Bahujan Samaj Party (BSP) leader Mayawati is at the wane of her political powers. Ever since Prime Minister Narendra Modi started sweeping state and general elections alike, regional parties such as the BSP, which relied overwhelmingly on caste-based equations, have seen their political presence dip to alarming levels.
Mayawati’s Fall from Kingmaker to Damning Insignificance
Once touted as the next big national party that could have solely been the face for Dalits, the BSP has now lost touch with its core voter base. Dalits comprise about 20 per cent of the population in UP and are a crucial voting bloc in elections. Seventeen of the 80 Lok Sabha seats in UP are reserved for Scheduled Castes.
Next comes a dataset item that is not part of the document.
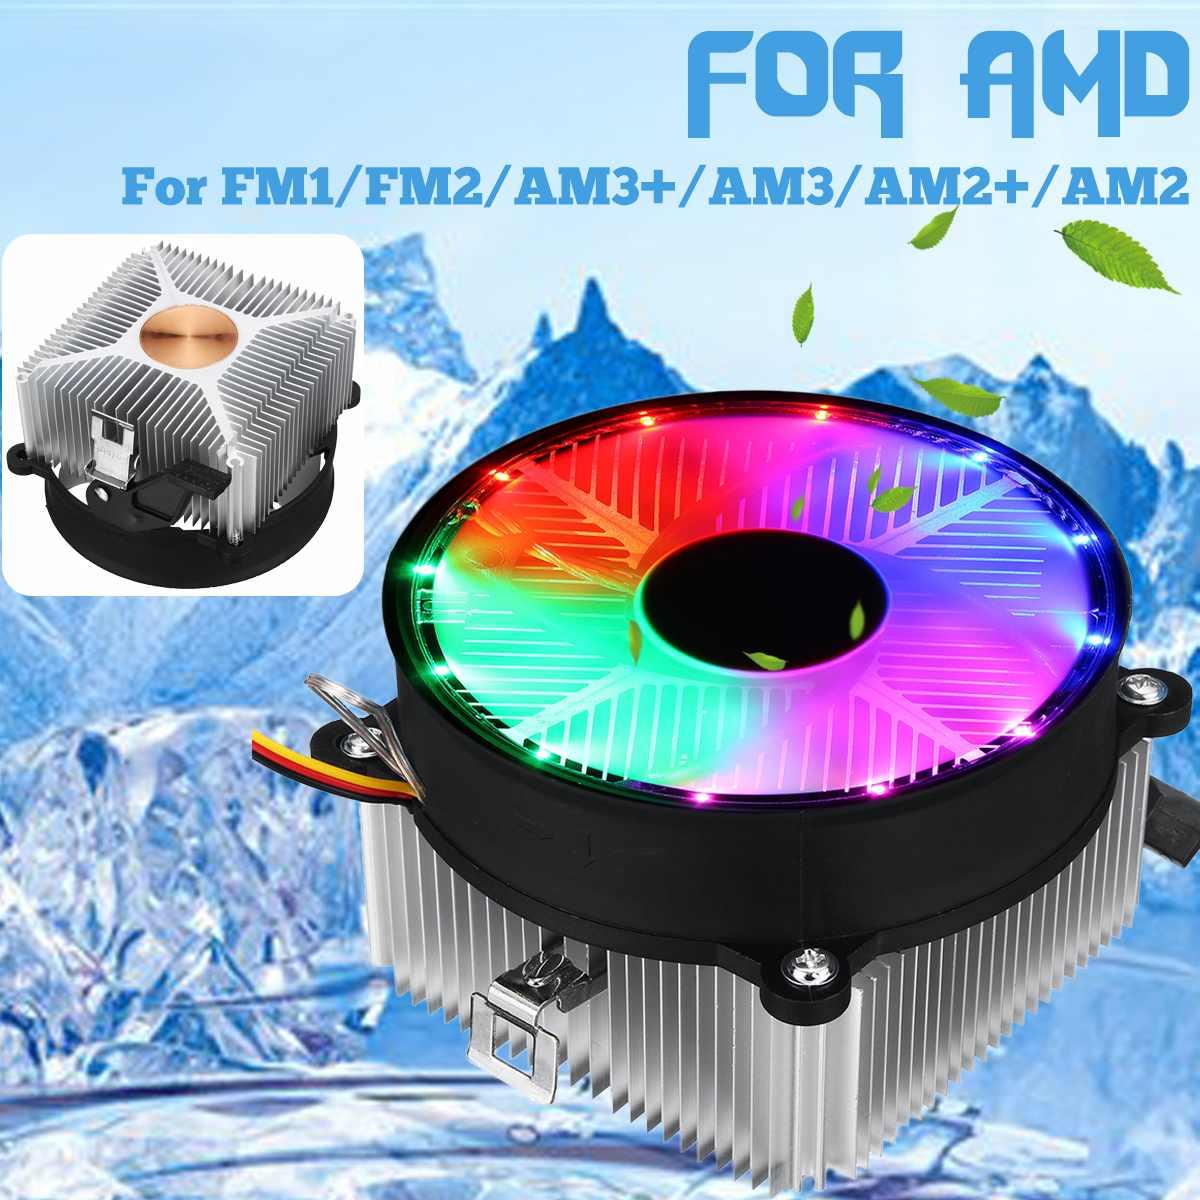 S Skyee Cpu Cooler Cooling Fan Led Cooling Heatsink Quiet 3pin Fan Radiator Heatsink Universal For Amd Fm1 Fm2 Am3 Am3 Am2 Am2 Aliexpress Com Imall Com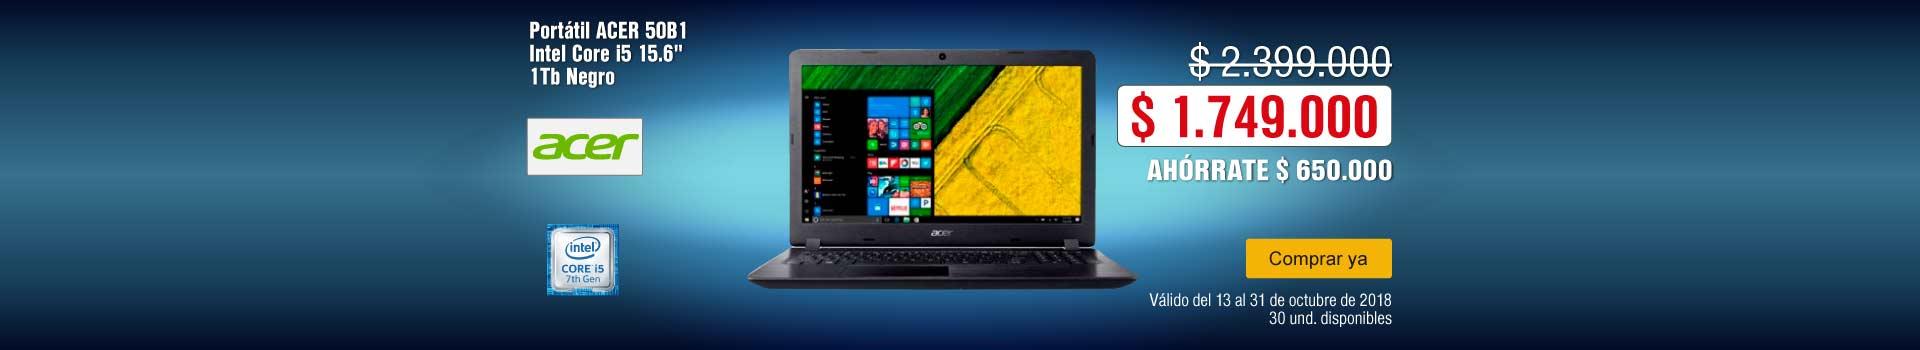 KT-BCAT-4-computadores y tablets-PP---Acer-Portátil 50B1-Oct17

However, in the 2019 Lok Sabha polls, a Mayawati-led BSP could win only two seats (Nagina and Lalganj), while the BJP swept 15, including the Hathras seat. Meanwhile, in the 2014 Lok Sabha elections, BJP won with an even bigger margin, sweeping all the 17 reserved constituencies. Safe to say, the statistics point that BSP fell out with the Dalit voters of UP a long time back.
What has supposedly worked in BJPs favour is the fact that several tall Dalit leaders have switched camps to the BJP from BSP. The lack of party leadership from Mayawati has hurt the party’s cause. And then, some BSP leaders have also jumped ship to the Samajwadi Party. Akhilesh Yadav, for one, has been trying to woo the Jatav voters of Uttar Pradesh this time.
Read more: 2022 UP elections will mark the end of Mayawati as a tall Dalit leader
Mayawati, however, is nowhere in the scene. She is not even fighting to retain her vote bank, leave alone winning the state elections. Mayawati was last relevant in Uttar Pradesh, and in New Delhi, from 2007 to 2012. BSP came to power in UP with a majority in the 2007 assembly election, winning 206 of the 403 seats.
Five years later, the Akhilesh Yadav-led SP defeated her by winning 224 seats. The BSP’s seat count was reduced to 80. In 2017, when the BJP swept the state with 312 seats, the BSP was reduced to 19 seats. Mayawati has not been able to recover from this electoral decimation ever since.
End of Road for Mayawati
Mayawati was once a very powerful politician. By virtue of being the chief minister of Uttar Pradesh, she was seen as one of the most important leaders of India. Mayawati has led Uttar Pradesh as chief minister four times, although a complete tenure was served by her only from 2007 to 2012. The three previous instances saw her becoming chief minister for short periods of time.
Mayawati was once a kingmaker. She heavily influenced the decisions made by central governments in New Delhi. Mayawati always got what she wanted. Today, however, she has been reduced to a political nobody. Mayawati is the old, overworked derby horse that has seemingly reached the end of its career.
Unless Mayawati makes a concerted effort to turn the wheel and reinvent her party machinery, develop a second line of leadership, and create a credible political message – the Dalits and other lower-caste votes will continue to evade her. Even if she does overhaul the BSP, chances are, the party will not be able to recover any time soon. Essentially, Mayawati is now a spent force, and under her leadership, the BSP cannot become a significant political force in Uttar Pradesh in the near future.